Nice! When I came home from Iraq, I was met by many family members and friends at the airport waving flags and holding signs. I noticed a Vietnam vet walking by us and mumbling about the reception he got when he came home. Already emotional, all I could think to do was give him and hug and tell him welcome home through my own tears.


----------



## pardus (Feb 12, 2013)

I often feel embarrassed about the adulation I/we receive, while Vietnam vets look on, or are the ones bestowing it to us, while knowing they were fucked so badly by the public when they returned. Especially after they experienced far more intense combat than most GWOT vets have.
The Korean war maybe listed as the forgotten war but the Vietnam war was far worse for the veterans, particularly once they got home.
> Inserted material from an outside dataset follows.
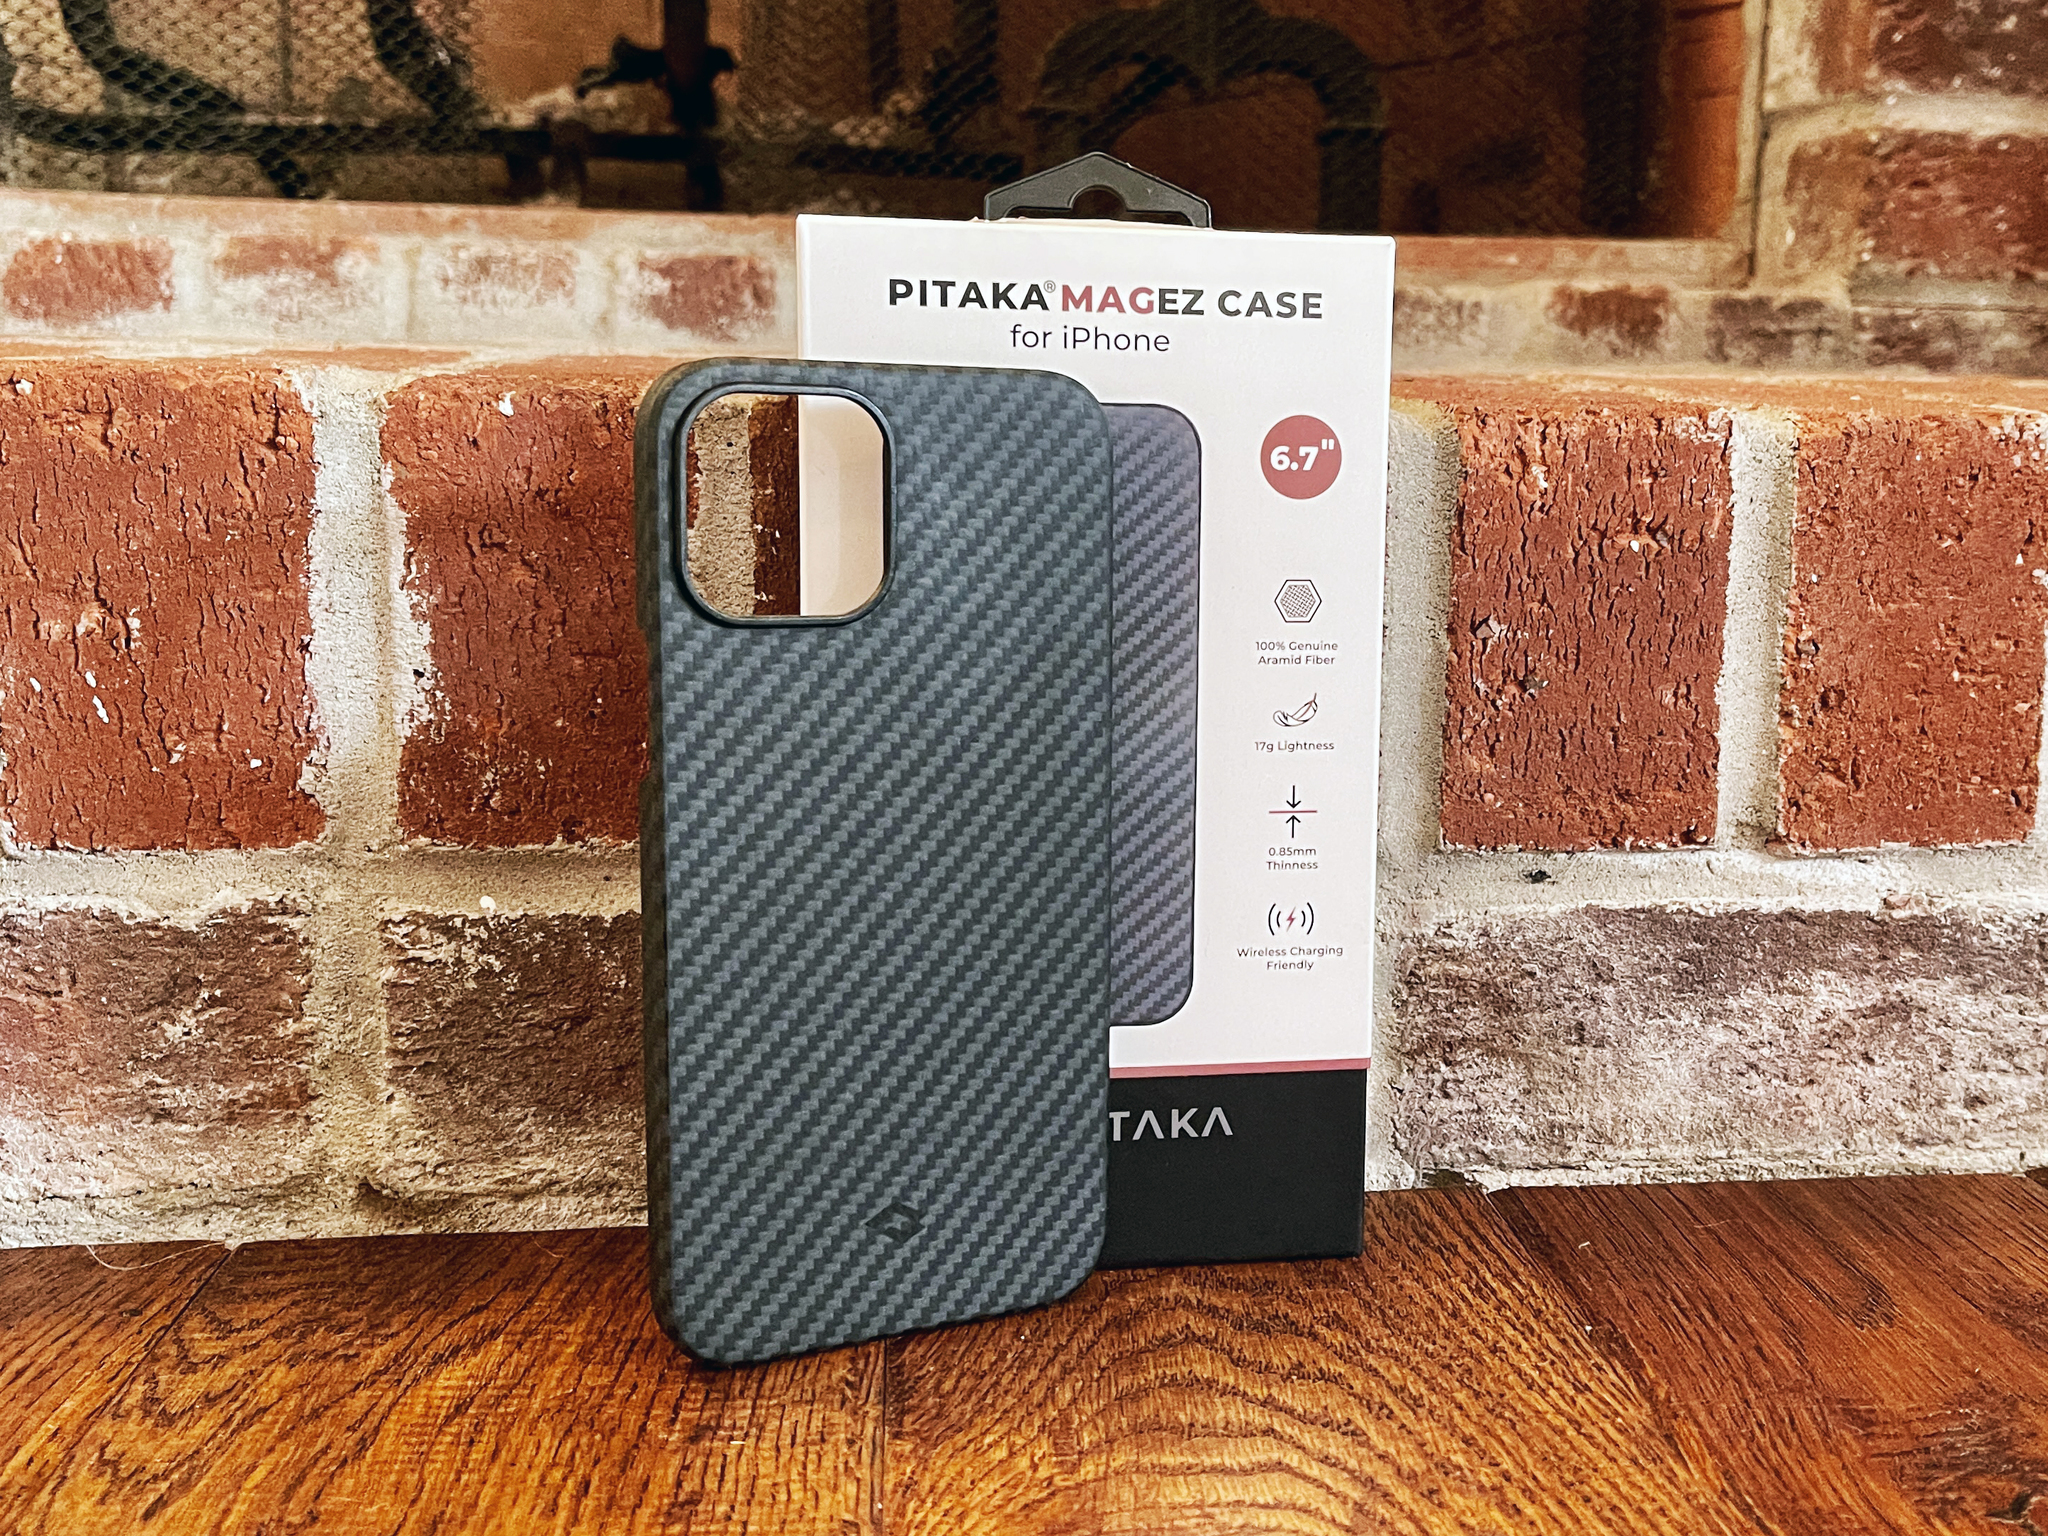 Pitaka Magez Iphone Case

Whenever I find out someone was a hippie in the 60's or 70's I have an unbridled HATE for them!


----------



## Marine0311 (Feb 12, 2013)

All veterans of all wars who answered the call should be honored. I alway shake hands when I spot out a veteran. It is we who did when others would not.


----------



## Soldado (Feb 18, 2013)

Nice one video, I'd like that kind of gratefulness in my country.  And not to forget that not everyone that wears a uniform is a hero.


----------



## Salt USMC (Feb 18, 2013)

Soldado said:


> Nice one video, I'd like that kind of gratefulness in my country. And not to forget that not everyone that wears a uniform is a hero.


This is very true.  For all its faults, America has treated its recent veterans very well.


----------



## pardus (Feb 19, 2013)

Soldado said:


> And not to forget that not everyone that wears a uniform is a hero.


 
No they are not.


----------